- _TASK DESCRIPTION_
Please output each line of the data exactly as it appears.

Dataset items
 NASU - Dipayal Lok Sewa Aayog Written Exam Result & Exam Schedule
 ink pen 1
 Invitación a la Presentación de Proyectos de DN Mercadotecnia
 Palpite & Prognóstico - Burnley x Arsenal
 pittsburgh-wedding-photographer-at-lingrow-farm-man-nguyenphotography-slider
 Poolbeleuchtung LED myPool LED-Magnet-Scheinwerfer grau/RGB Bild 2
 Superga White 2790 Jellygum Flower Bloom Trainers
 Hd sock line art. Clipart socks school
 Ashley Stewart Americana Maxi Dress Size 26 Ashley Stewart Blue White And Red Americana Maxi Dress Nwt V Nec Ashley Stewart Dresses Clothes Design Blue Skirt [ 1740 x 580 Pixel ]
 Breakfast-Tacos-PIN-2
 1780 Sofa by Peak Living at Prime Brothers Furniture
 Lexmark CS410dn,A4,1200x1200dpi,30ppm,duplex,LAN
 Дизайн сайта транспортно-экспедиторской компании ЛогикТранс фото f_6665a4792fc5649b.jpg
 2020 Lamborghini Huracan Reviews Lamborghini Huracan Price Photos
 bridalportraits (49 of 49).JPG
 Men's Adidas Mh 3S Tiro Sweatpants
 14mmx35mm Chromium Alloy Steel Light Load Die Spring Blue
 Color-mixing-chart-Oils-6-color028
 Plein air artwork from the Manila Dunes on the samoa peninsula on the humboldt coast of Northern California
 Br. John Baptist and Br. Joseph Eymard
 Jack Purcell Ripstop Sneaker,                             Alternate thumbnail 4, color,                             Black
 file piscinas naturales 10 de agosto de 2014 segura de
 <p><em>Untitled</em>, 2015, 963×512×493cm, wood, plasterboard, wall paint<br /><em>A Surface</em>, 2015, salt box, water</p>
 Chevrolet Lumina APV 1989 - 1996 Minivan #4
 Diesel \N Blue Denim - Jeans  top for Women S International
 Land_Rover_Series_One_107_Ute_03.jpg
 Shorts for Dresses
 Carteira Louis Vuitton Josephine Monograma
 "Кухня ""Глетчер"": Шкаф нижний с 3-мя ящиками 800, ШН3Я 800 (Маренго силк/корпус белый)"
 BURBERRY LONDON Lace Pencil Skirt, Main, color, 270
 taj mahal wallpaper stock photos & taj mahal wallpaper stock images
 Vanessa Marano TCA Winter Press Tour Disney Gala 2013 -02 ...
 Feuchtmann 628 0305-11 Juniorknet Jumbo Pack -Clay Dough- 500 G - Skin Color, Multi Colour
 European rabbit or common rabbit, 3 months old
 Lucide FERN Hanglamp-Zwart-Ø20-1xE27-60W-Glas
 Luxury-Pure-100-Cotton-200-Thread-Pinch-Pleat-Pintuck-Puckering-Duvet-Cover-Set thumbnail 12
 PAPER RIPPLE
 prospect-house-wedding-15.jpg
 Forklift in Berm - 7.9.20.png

- _TASK OUTPUT_
 NASU - Dipayal Lok Sewa Aayog Written Exam Result & Exam Schedule
 ink pen 1
 Invitación a la Presentación de Proyectos de DN Mercadotecnia
 Palpite & Prognóstico - Burnley x Arsenal
 pittsburgh-wedding-photographer-at-lingrow-farm-man-nguyenphotography-slider
 Poolbeleuchtung LED myPool LED-Magnet-Scheinwerfer grau/RGB Bild 2
 Superga White 2790 Jellygum Flower Bloom Trainers
 Hd sock line art. Clipart socks school
 Ashley Stewart Americana Maxi Dress Size 26 Ashley Stewart Blue White And Red Americana Maxi Dress Nwt V Nec Ashley Stewart Dresses Clothes Design Blue Skirt [ 1740 x 580 Pixel ]
 Breakfast-Tacos-PIN-2
 1780 Sofa by Peak Living at Prime Brothers Furniture
 Lexmark CS410dn,A4,1200x1200dpi,30ppm,duplex,LAN
 Дизайн сайта транспортно-экспедиторской компании ЛогикТранс фото f_6665a4792fc5649b.jpg
 2020 Lamborghini Huracan Reviews Lamborghini Huracan Price Photos
 bridalportraits (49 of 49).JPG
 Men's Adidas Mh 3S Tiro Sweatpants
 14mmx35mm Chromium Alloy Steel Light Load Die Spring Blue
 Color-mixing-chart-Oils-6-color028
 Plein air artwork from the Manila Dunes on the samoa peninsula on the humboldt coast of Northern California
 Br. John Baptist and Br. Joseph Eymard
 Jack Purcell Ripstop Sneaker,                             Alternate thumbnail 4, color,                             Black
 file piscinas naturales 10 de agosto de 2014 segura de
 <p><em>Untitled</em>, 2015, 963×512×493cm, wood, plasterboard, wall paint<br /><em>A Surface</em>, 2015, salt box, water</p>
 Chevrolet Lumina APV 1989 - 1996 Minivan #4
 Diesel \N Blue Denim - Jeans  top for Women S International
 Land_Rover_Series_One_107_Ute_03.jpg
 Shorts for Dresses
 Carteira Louis Vuitton Josephine Monograma
 "Кухня ""Глетчер"": Шкаф нижний с 3-мя ящиками 800, ШН3Я 800 (Маренго силк/корпус белый)"
 BURBERRY LONDON Lace Pencil Skirt, Main, color, 270
 taj mahal wallpaper stock photos & taj mahal wallpaper stock images
 Vanessa Marano TCA Winter Press Tour Disney Gala 2013 -02 ...
 Feuchtmann 628 0305-11 Juniorknet Jumbo Pack -Clay Dough- 500 G - Skin Color, Multi Colour
 European rabbit or common rabbit, 3 months old
 Lucide FERN Hanglamp-Zwart-Ø20-1xE27-60W-Glas
 Luxury-Pure-100-Cotton-200-Thread-Pinch-Pleat-Pintuck-Puckering-Duvet-Cover-Set thumbnail 12
 PAPER RIPPLE
 prospect-house-wedding-15.jpg
 Forklift in Berm - 7.9.20.png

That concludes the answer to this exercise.